Write back every line of the listing exactly, excluding images.

DATA SEGMENT below:

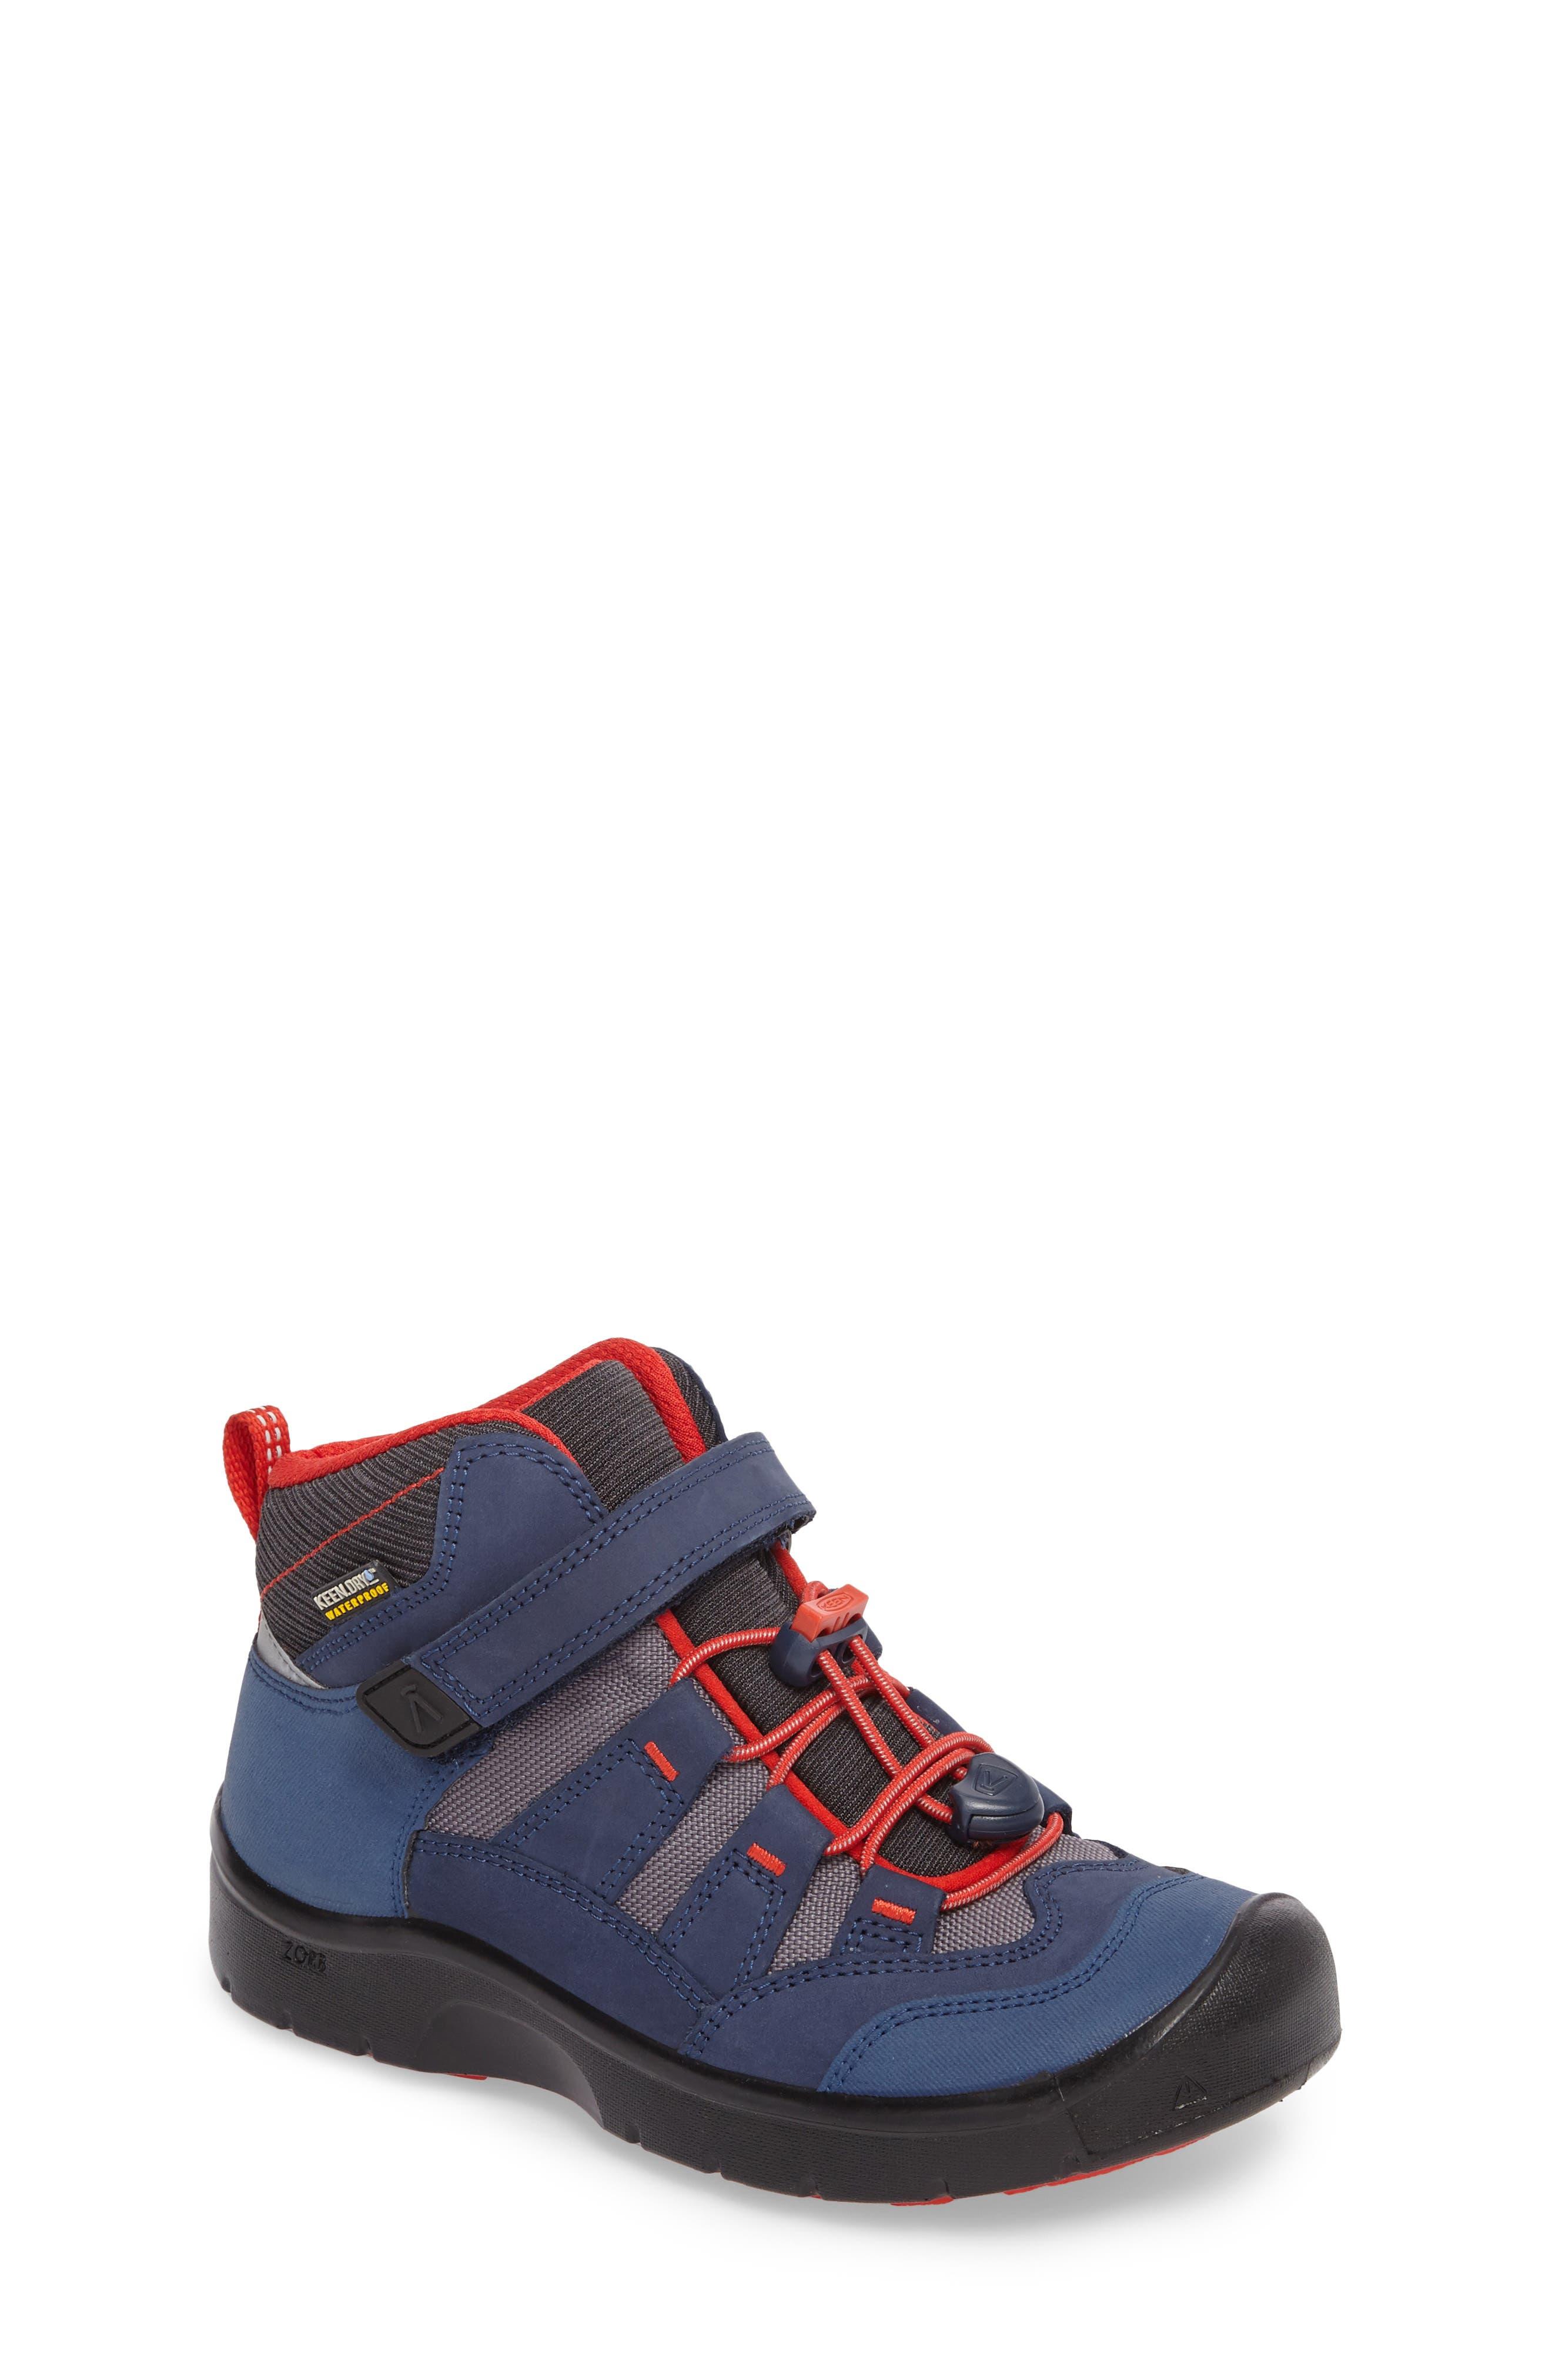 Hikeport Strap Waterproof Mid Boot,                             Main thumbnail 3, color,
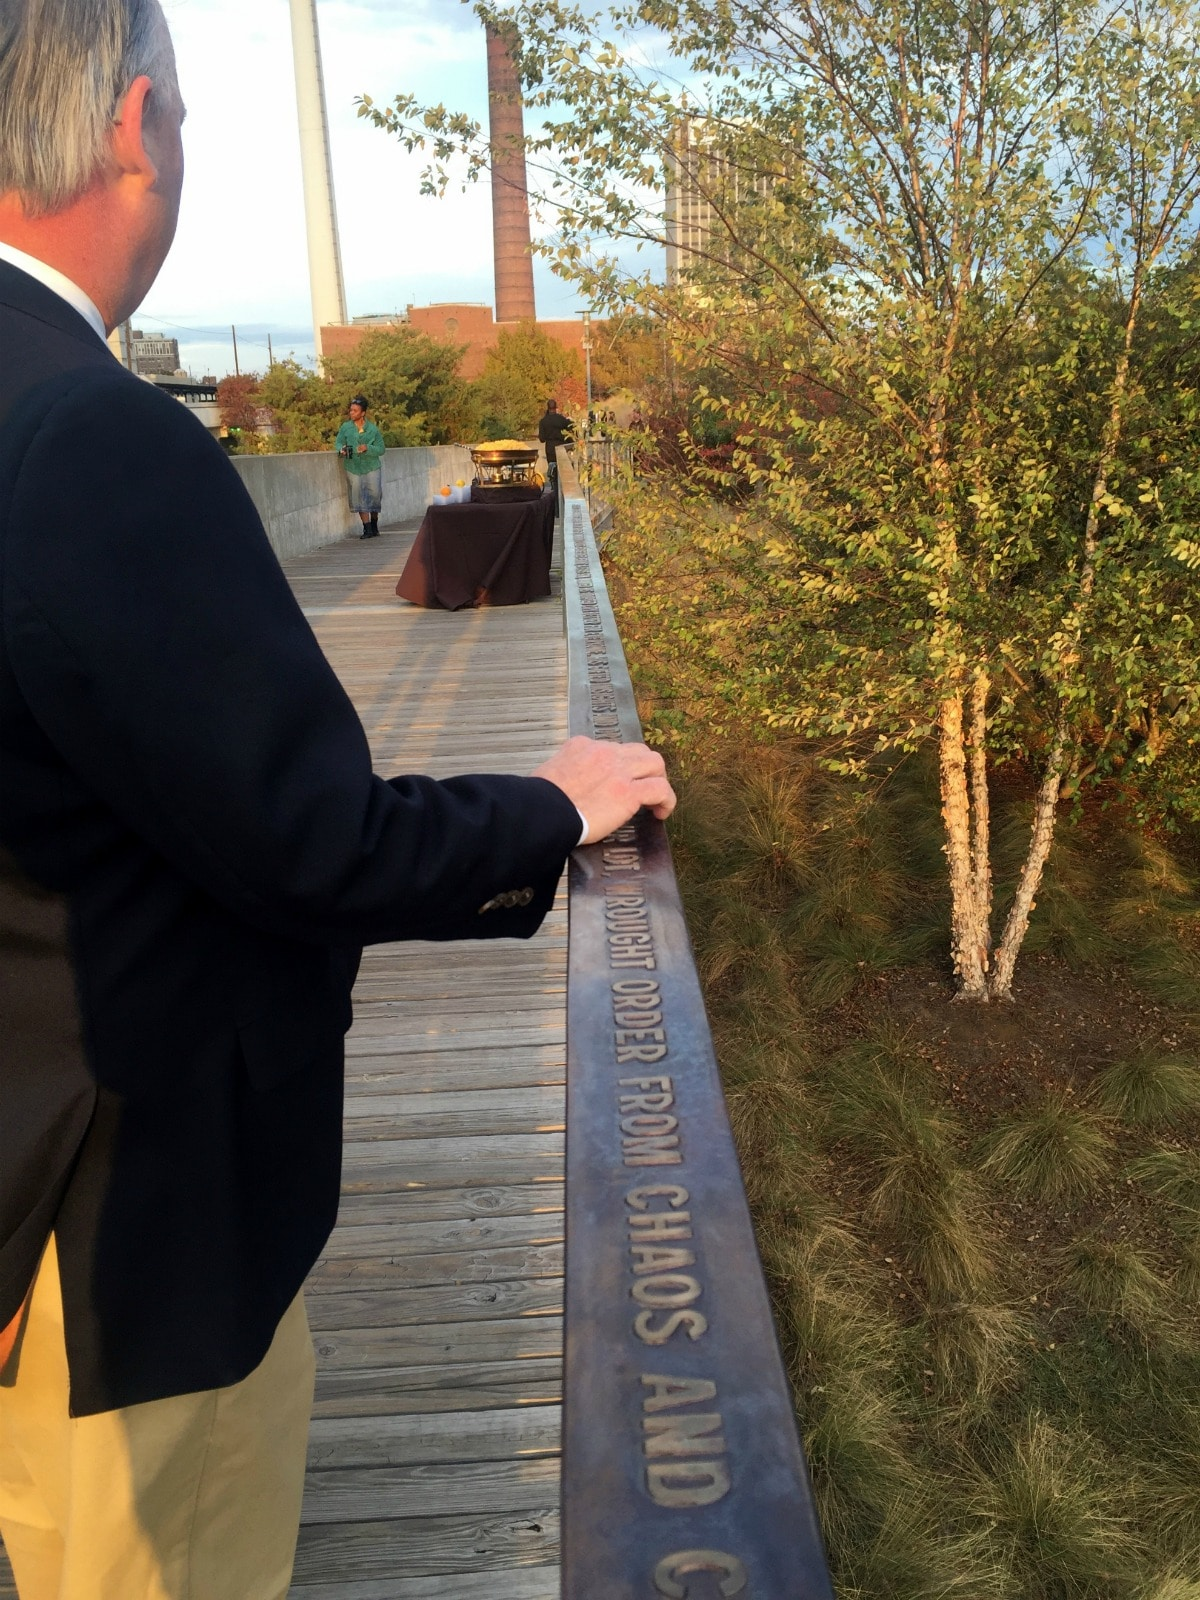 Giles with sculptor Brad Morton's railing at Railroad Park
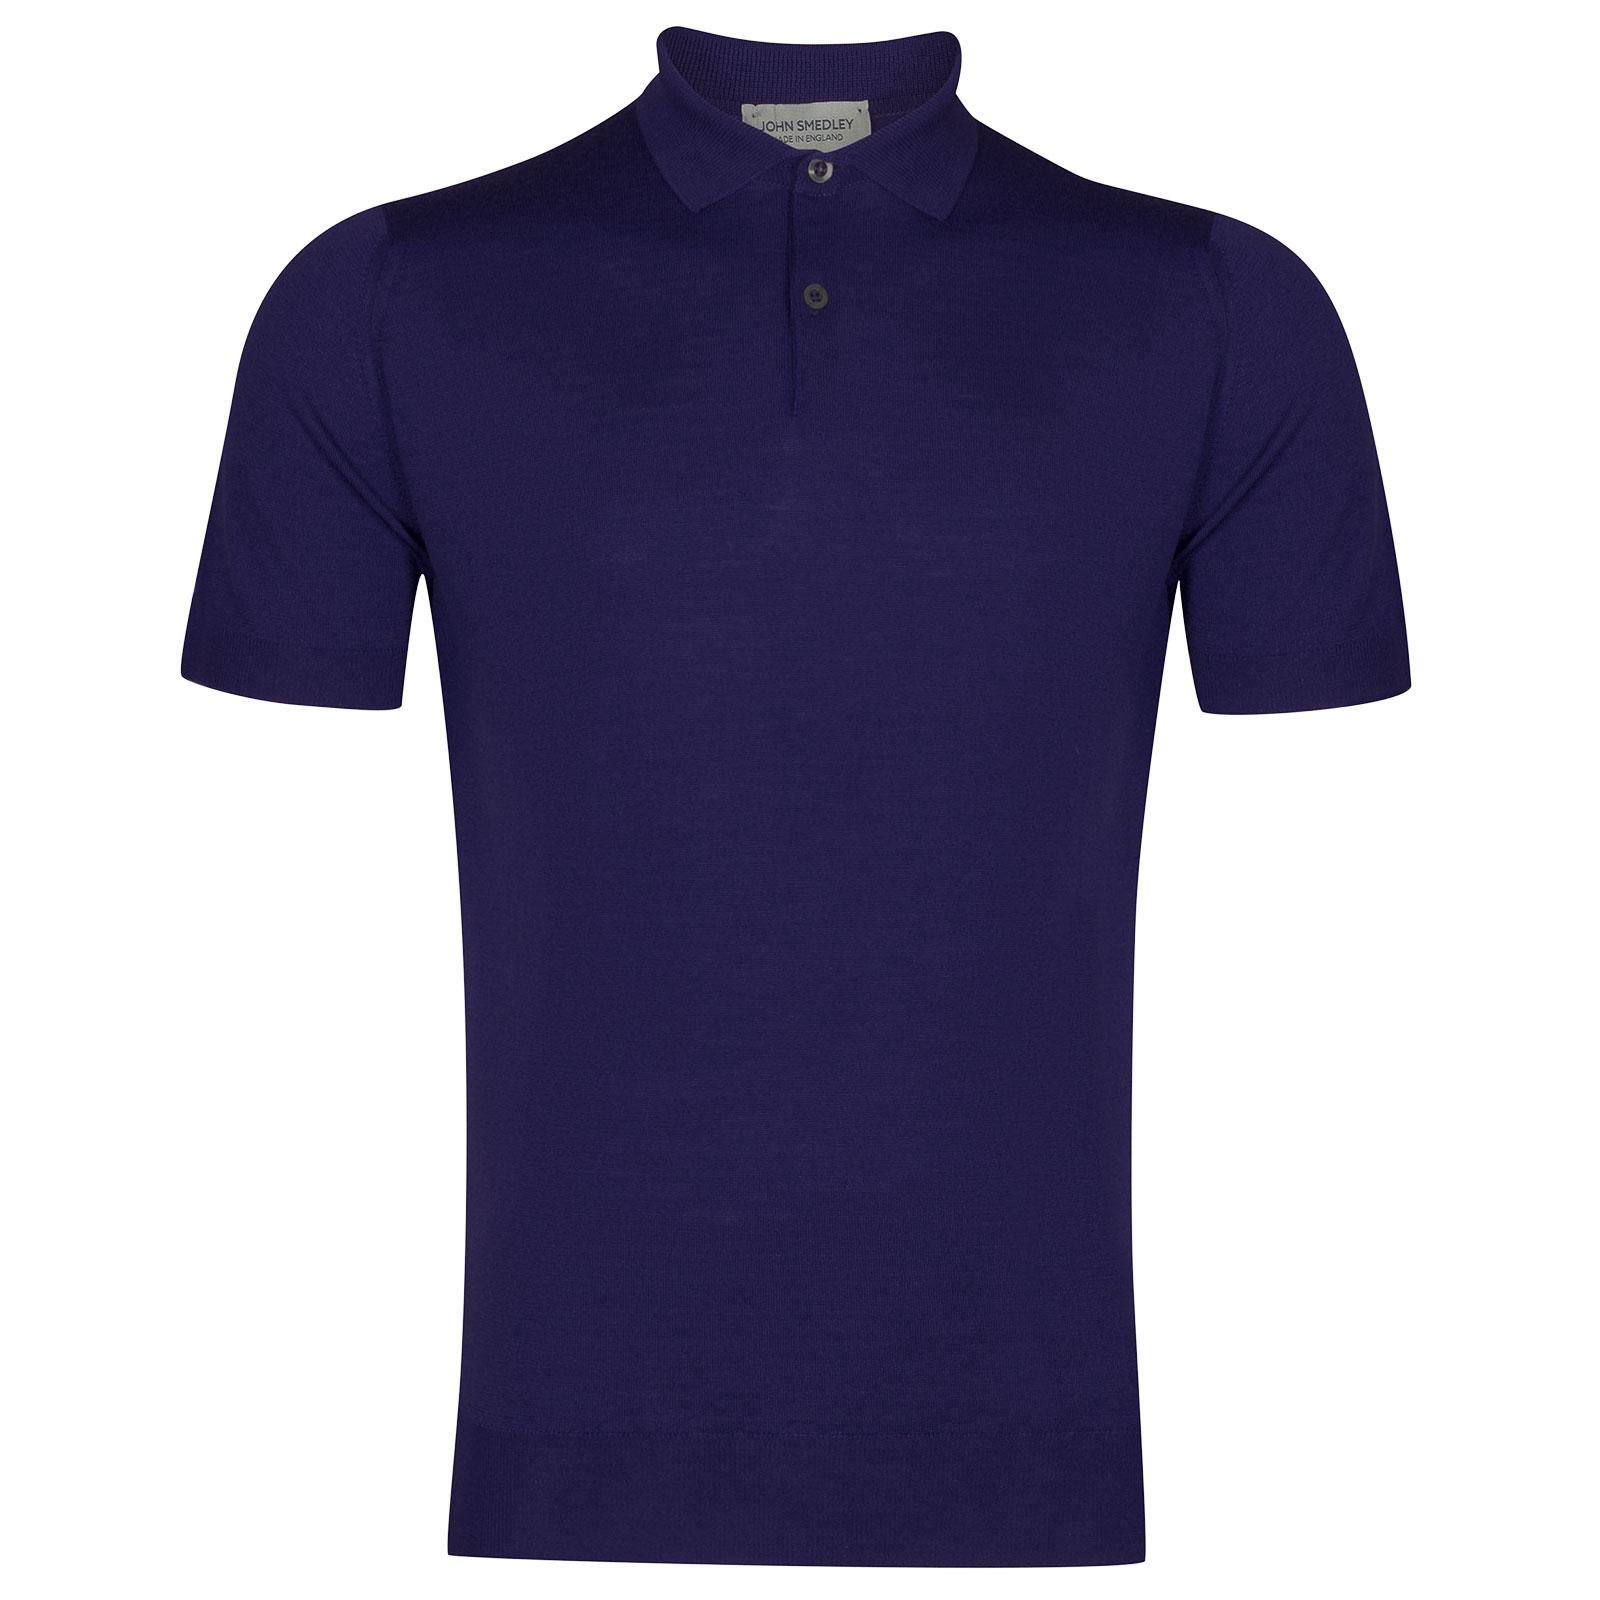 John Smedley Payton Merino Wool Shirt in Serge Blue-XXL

End of DATA SEGMENT.

◆ REPLY TO THE TASK:
 Hikeport Strap Waterproof Mid Boot,                             Main thumbnail 3, color,
 Giles with sculptor Brad Morton's railing at Railroad Park
 John Smedley Payton Merino Wool Shirt in Serge Blue-XXL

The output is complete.